Y = as.matrix(cars_df$mpg)
Y

      [,1]
 [1,] 21.0
 [2,] 21.0
 [3,] 22.8
 [4,] 21.4
 [5,] 18.7
 [6,] 18.1
 [7,] 14.3
 [8,] 24.4
 [9,] 22.8
[10,] 19.2
[11,] 17.8
[12,] 16.4
[13,] 17.3
[14,] 15.2
[15,] 10.4
[16,] 10.4
[17,] 14.7
[18,] 32.4
[19,] 30.4
[20,] 33.9
[21,] 21.5
[22,] 15.5
[23,] 15.2
[24,] 13.3
[25,] 19.2
[26,] 27.3
[27,] 26.0
[28,] 30.4
[29,] 15.8
[30,] 19.7
[31,] 15.0
[32,] 21.4

Next, we do the same thing for our independent variables of interest, and our constant.
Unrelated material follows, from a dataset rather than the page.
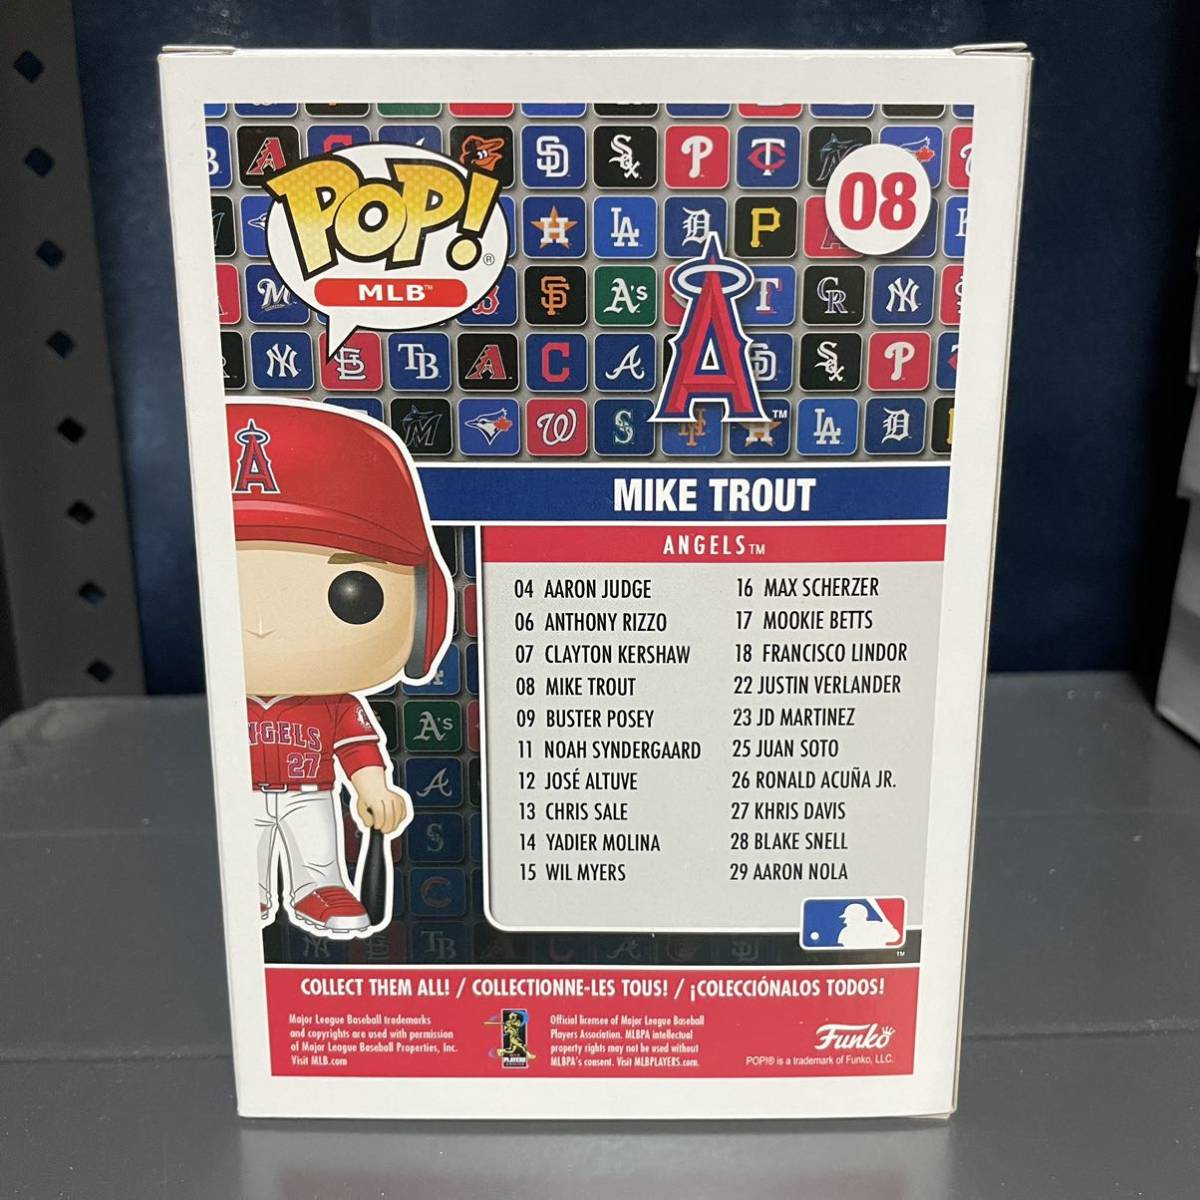 [ domestic not yet sale ] new goods Mike * trout Funko pop MLB New Jersy figure Mike Trout 08 Los Angeles enzerusLos Angeles Angels

# create two separate matrices for IVs
X1 = as.matrix(cars_df$hp)
X2 = as.matrix(cars_df$wt)

# create constant column

# bind them altogether into one matrix
constant =  rep(1, nrow(cars_df))
X = cbind(constant, X1, X2)
X

      constant          
 [1,]        1 110 2.620
 [2,]        1 110 2.875
 [3,]        1  93 2.320
 [4,]        1 110 3.215
 [5,]        1 175 3.440
 [6,]        1 105 3.460
 [7,]        1 245 3.570
 [8,]        1  62 3.190
 [9,]        1  95 3.150
[10,]        1 123 3.440
[11,]        1 123 3.440
[12,]        1 180 4.070
[13,]        1 180 3.730
[14,]        1 180 3.780
[15,]        1 205 5.250
[16,]        1 215 5.424
[17,]        1 230 5.345
[18,]        1  66 2.200
[19,]        1  52 1.615
[20,]        1  65 1.835
[21,]        1  97 2.465
[22,]        1 150 3.520
[23,]        1 150 3.435
[24,]        1 245 3.840
[25,]        1 175 3.845
[26,]        1  66 1.935
[27,]        1  91 2.140
[28,]        1 113 1.513
[29,]        1 264 3.170
[30,]        1 175 2.770
[31,]        1 335 3.570
[32,]        1 109 2.780

Next, we calculate $X'X$, $X'Y$, and $(X'X)^{-1}$. Remember the %*% operator for matrix multiplication.

# X prime X
XpX = t(X) %*% X

# X prime X inverse
XpXinv = solve(XpX)

# X prime Y
XpY = t(X) %*% Y

# beta coefficient estimates
bhat = XpXinv %*% XpY
bhat

                [,1]
constant 37.22727012
         -0.03177295
         -3.87783074

You can come back to this code and corroborate that is correct after you learn how to use the default function to estimate OLS regression in R.